Palavras-chave: Parnaíba/PI. Sindicatos. Ditadura Civil-Militar e Comunistas.
ABSTRACT:
In Parnaíba, Piauí beach town, many unions were fighting and political resistance against the civilian-military
coup of 1964, ie, the bourgeoisie and its armed wing, the military, who coldly murdered by provoking violent
social abortion, a whole historical development that gestava the struggle to improve the material conditions of
existence of the poor class. To be effected, dialectically, crossing several written and oral sources, signals, cues
and clues infinitesimal (GINZBURG, 1989) show that the specter of communism haunted the city of Parnaíba,
Free Land of the Subversive Activities Communization of Brazil the years 1960 to 1980. the text you want to
contribute to the political debate of race memory of civil-military dictatorship in Piauí, to the time it takes the
social functions to brush history against the grain (BENJAMIN, 1994), with possible other stories.
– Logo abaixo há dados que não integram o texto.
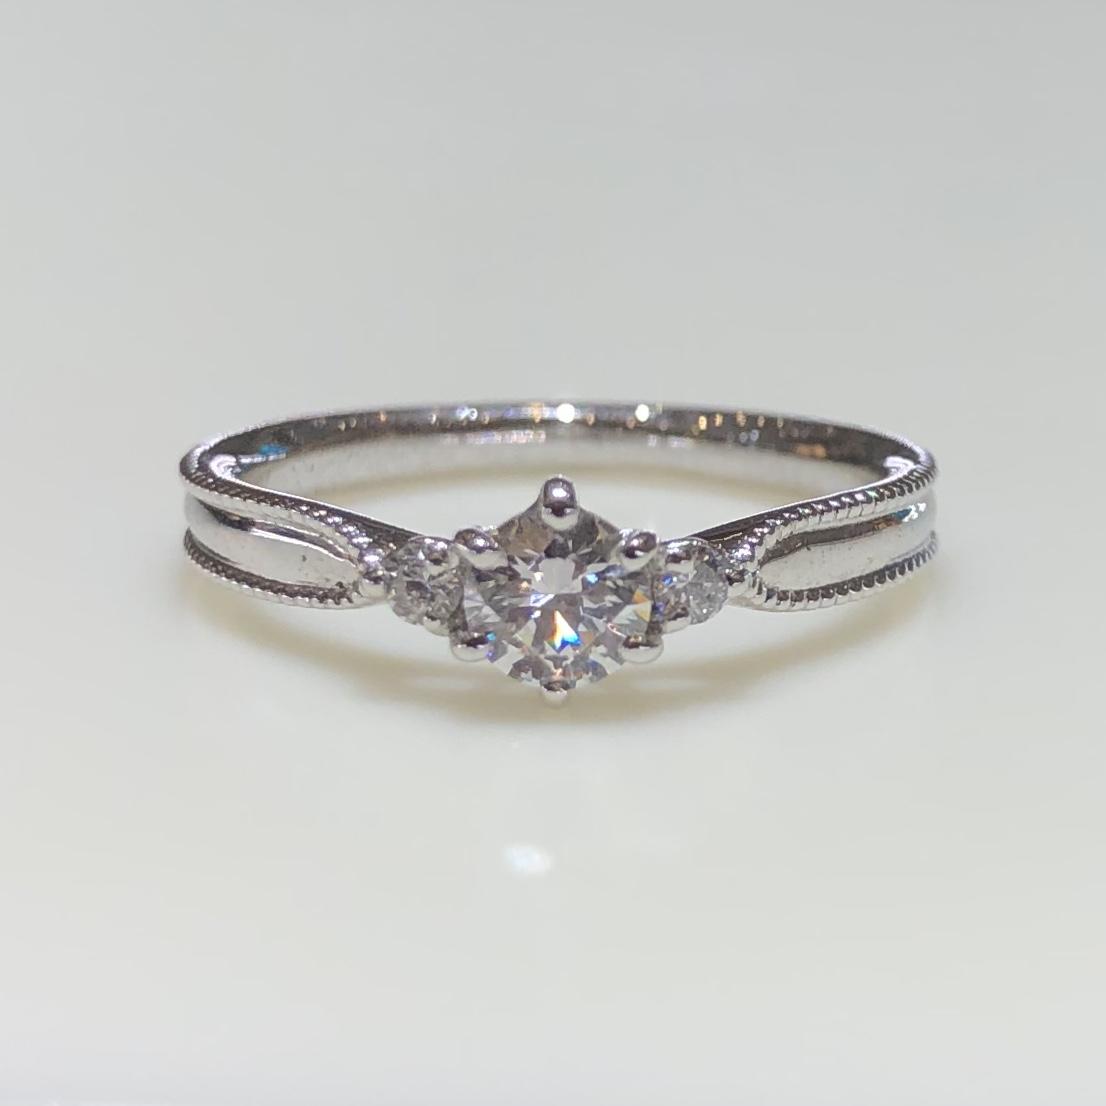 BROOCH 婚約指輪 エンゲージリング 両サイドメレミル打ちデザイン
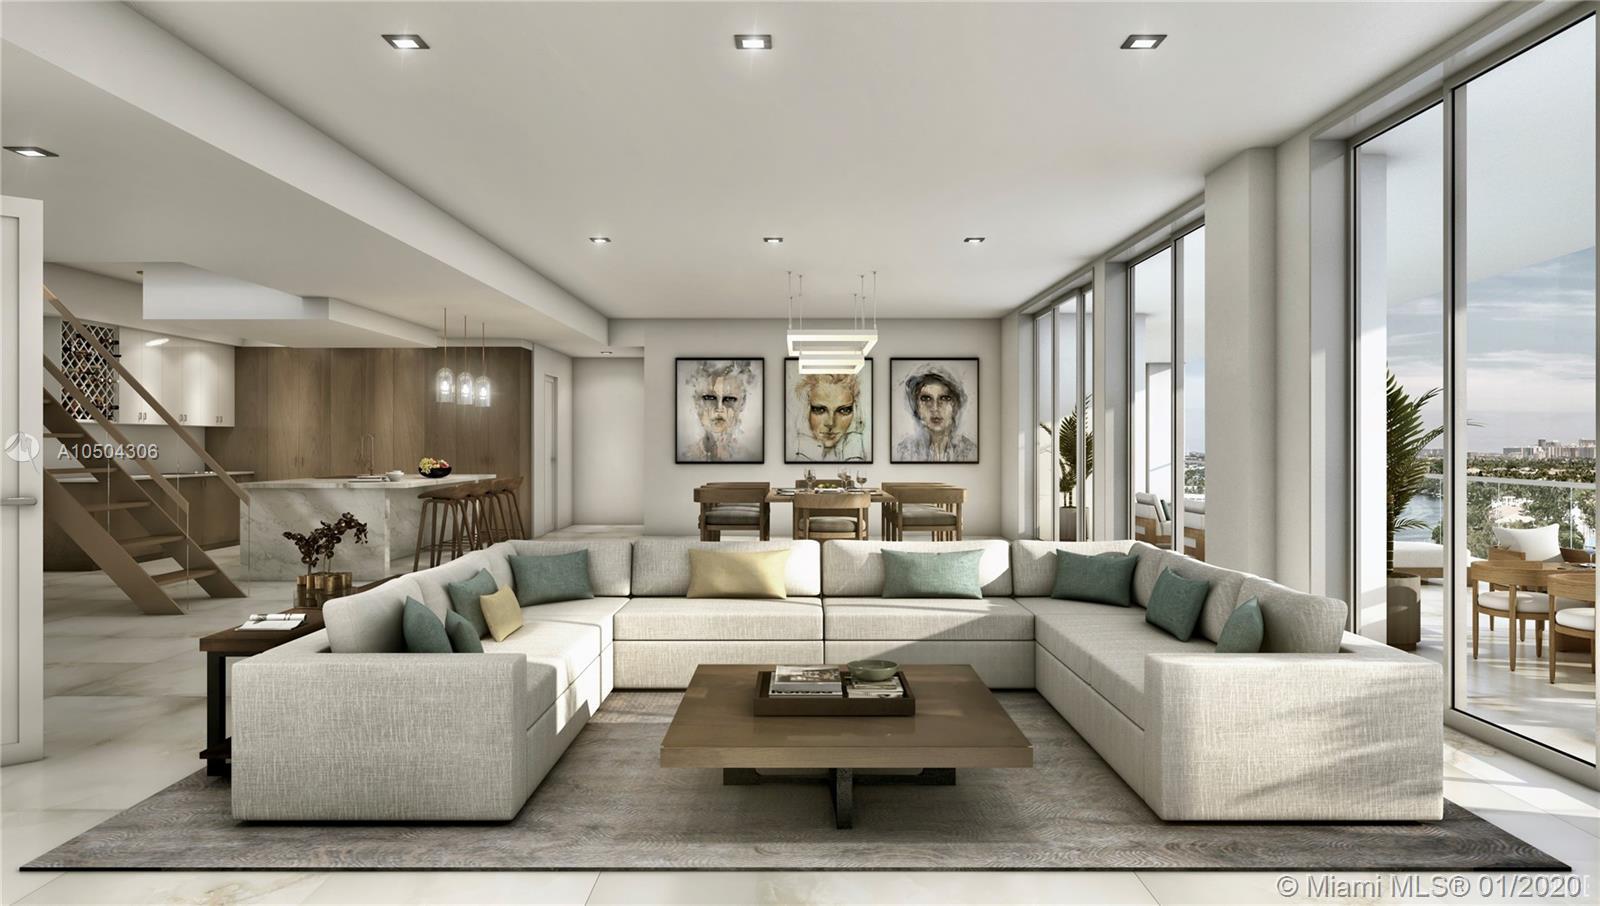 1180 N Federal Hwy #PH1508, Fort Lauderdale, FL 33304 - Fort Lauderdale, FL real estate listing

Keywords: Parnaíba/PI. Unions. Civil-Military Dictatorship and Communists.
Cada povo tem que lutar pela sua memória. Seria ingênua pensar que conhecemos o
nosso passado. O que a maioria sabe acerca do passado é exatamente o que os
detentores do poder permitem que ela saiba. Fica bem claro que os que estão no poder
não tem nenhum interesse em que o povo conheça a sua verdadeira história, pois ela é
por demais instrutiva acerca das injustas praticadas contra um povo.
(CAPISTRANO DE ABREU)
Este texto, feito de infinitas emoções, deseja contribuir para a produção historiográfica
sobre possíveis outras histórias da ditadura civil-militar no Piauí (1964-1985), buscando
problematizar a memória desse período na cidade de Parnaíba, situada na região do Delta do
Parnaíba, litoral norte do Estado do Piauí. Objetivamos encontrar nesta investigação vestígios
do regime e seu oposto, a resistência. Nossa pesquisa emerge no ano de 2012, quando a
história recente do Brasil foi marcada pela retomada de um debate de raízes culturais
profundas e ainda não totalmente conhecidas pela sociedade brasileira, a ditadura civil-militar
de 1964-1985.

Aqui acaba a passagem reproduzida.